To prevent serious damage, treatment should be given as soon as possible. It can also be helpful to have the treatment carried out in a center that specializes in panarteritis nodosa.

If an infectious disease is evident as the cause of panarteritis nodosa, it must of course also be treated. With the right and early treatment, complete freedom from symptoms can usually be achieved for the patient. Without treatment, however, a large proportion of those affected die within five years.

Outlook & Forecast

While polyarteritis nodosa was more often fatal 25 years ago, the quality of life and prognosis of those affected has clearly improved in recent years due to the spread of high-dose glucocorticoid-cytostatic drug combinations. Because while other forms of vasculitis often lead to relapses, this is rarely the case with polyarteritis nodosa.

With successful treatment in specialized centers, a remission lasting several years or even a complete remission can usually be achieved within the first three years. A good prognosis can therefore be assumed, especially since the five-year survival rate with appropriate therapy with glucocorticoids and the intake of cytostatics is over 80%. Because it is an incurable autoimmune disease, only the symptoms, not the causes, are treated. If the digestive organs, kidneys, nerves or brain are already more severely attacked or if hepatitis B is also present, the prognosis can only be assumed to be rather poor. Therefore, early diagnosis and combination treatment are all the more important.

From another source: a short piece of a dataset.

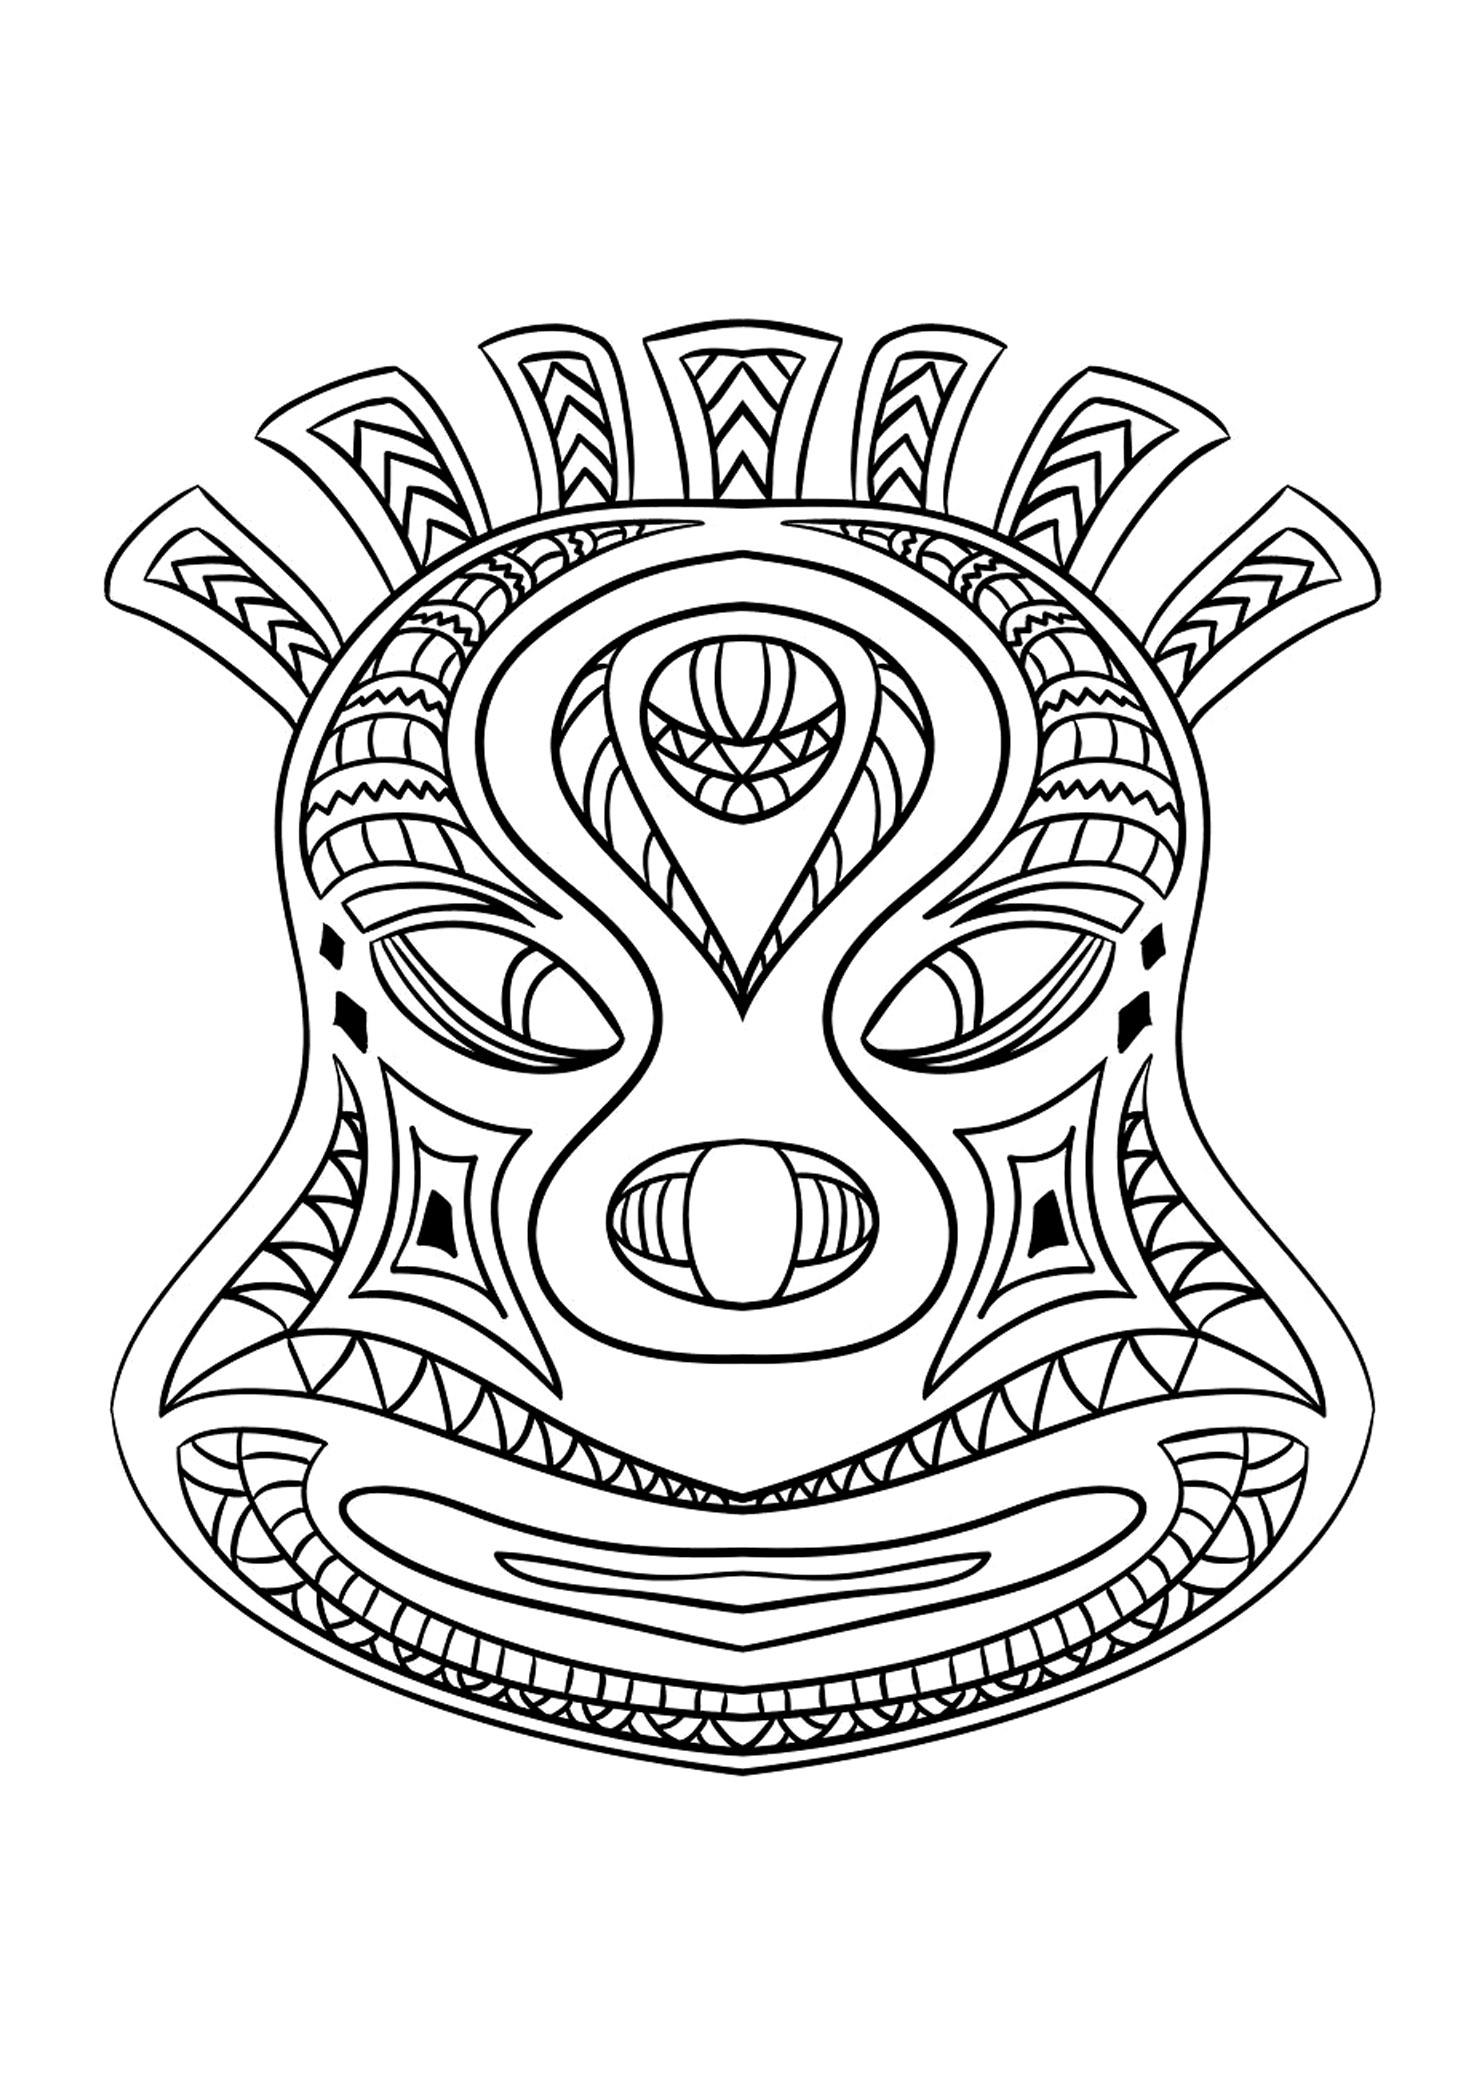 Masks coloring page to download

However, for untreated disease, the five-year survival rate is only 13%. In these cases, without therapy, heart attack, stroke or kidney failure lead to death.


Because it is an autoimmune disease, it cannot be prevented. However, infectious diseases such as hepatitis B should at least be prevented by vaccination.

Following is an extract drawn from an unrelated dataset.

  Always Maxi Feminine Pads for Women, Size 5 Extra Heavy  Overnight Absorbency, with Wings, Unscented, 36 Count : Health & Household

In most cases, those affected with panarteritis nodosa have very few or only limited options for aftercare, since this is a relatively rare disease. In order to avoid other complications or symptoms in the further course, the person concerned should definitely consult a doctor at an early stage. A doctor should be contacted as soon as the first signs or symptoms of the disease appear.

The treatment of the disease is usually carried out with the help of various drugs. The person concerned should always pay attention to the correct dosage and also to taking the medication regularly so that complications or other symptoms do not arise in the further course. In the event of side effects or if anything is unclear, a doctor should always be consulted first, and he or she should also be consulted if you have any questions.

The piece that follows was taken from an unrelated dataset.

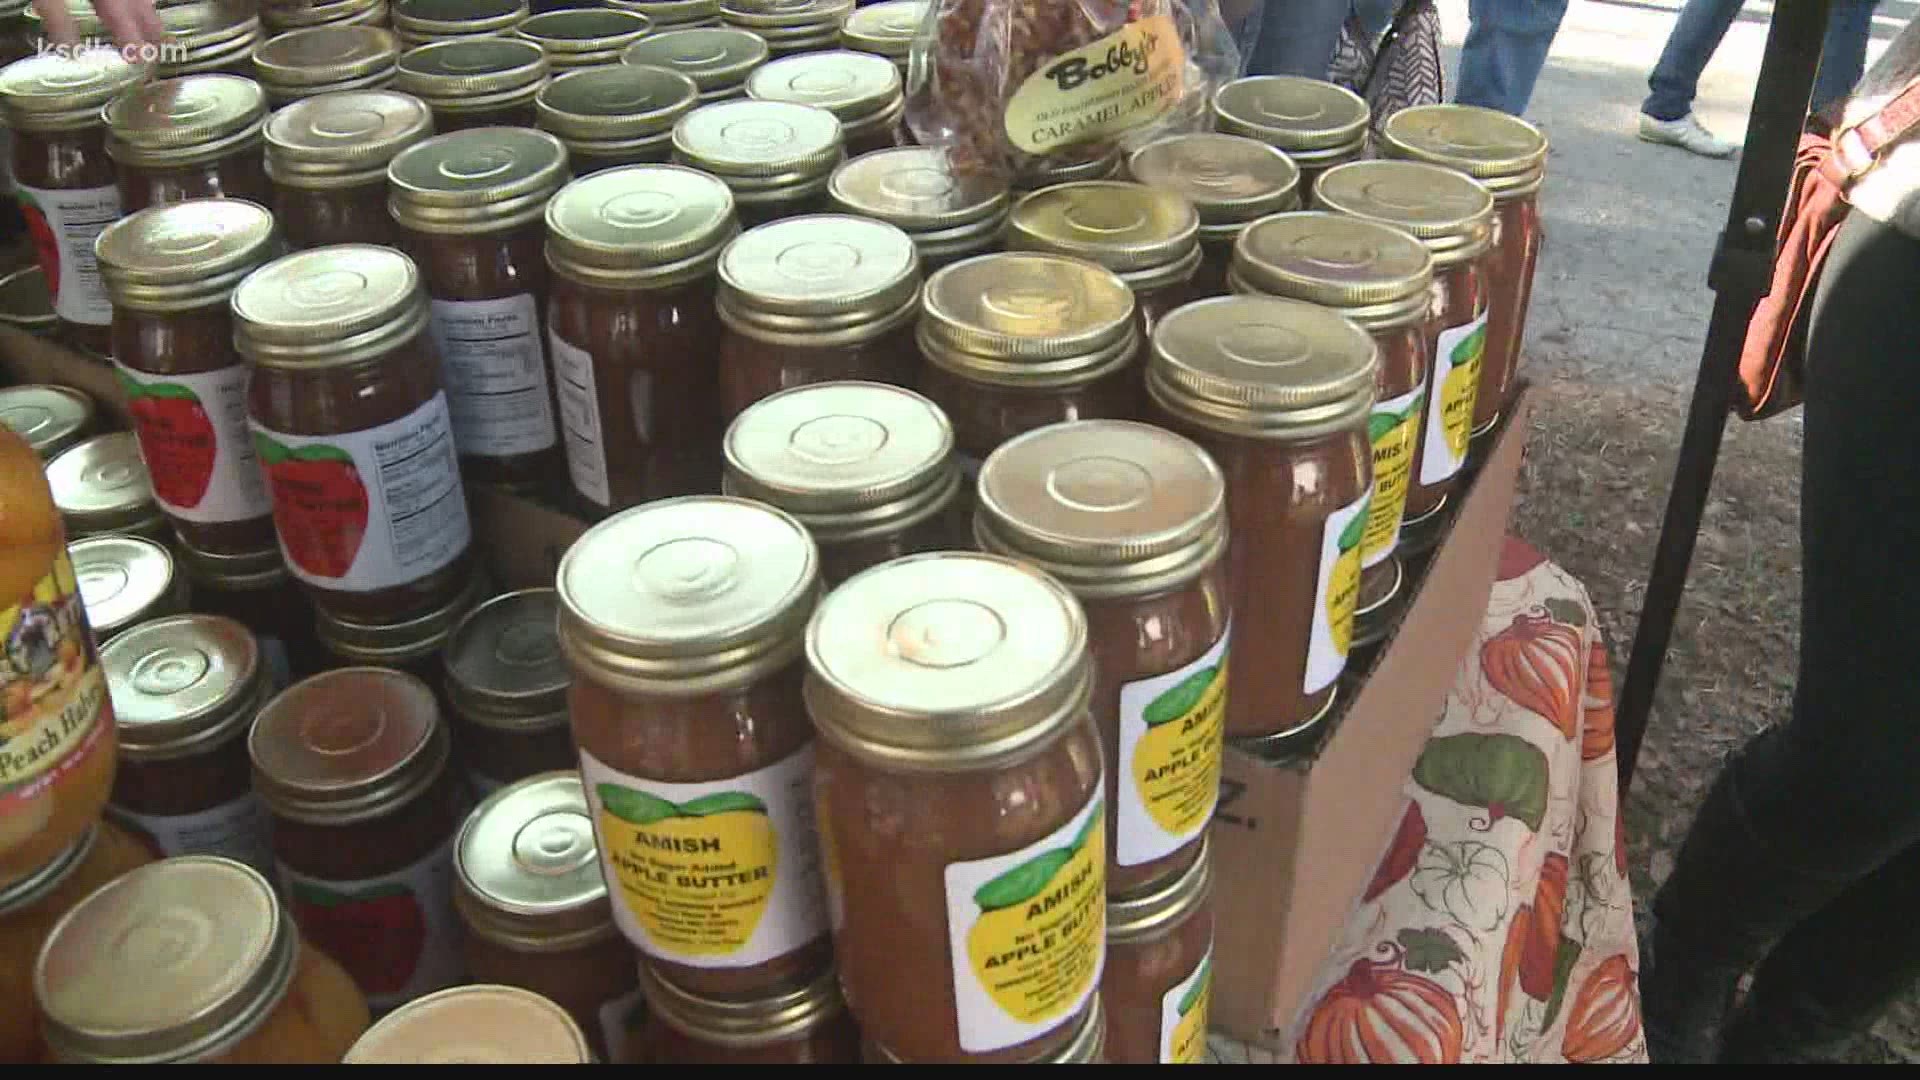 80% of the city's revenue comes from the Apple Butter Festival

In many cases, those affected are also dependent on the help and care of their own families due to panarteritis nodosa. This primarily alleviates or prevents depression and other mental upsets. It cannot be universally predicted whether panarteritis nodosa will lead to a reduced life expectancy for those affected.

You can do that yourself

In the case of panarteritis nodosa, everyday and self-help is primarily limited to combating the accompanying symptoms. The most important thing a patient with this condition can do is take care of themselves. It is advisable for the sufferer to get plenty of rest to counteract the symptoms of exhaustion.

Despite the recommendation that those affected should take it easy, it seems important to do regular motor exercises. These should be tackled in peace, since stress or overload are counterproductive. In order to keep the muscles in shape despite the rest periods, leisurely walks are the best choice. But everyday motor skills should also be trained. This is important so that any effects on the nervous system can be counteracted preventively. In addition, possible effects on the nervous system are noticed more quickly.

The diet should also be adjusted. Although panarteritis nodosa is accompanied by weight loss, which can be compensated for through diet if necessary, it is also important to control blood pressure. If you have high blood pressure, fish and various types of vegetables are the best options, while alcohol should be avoided.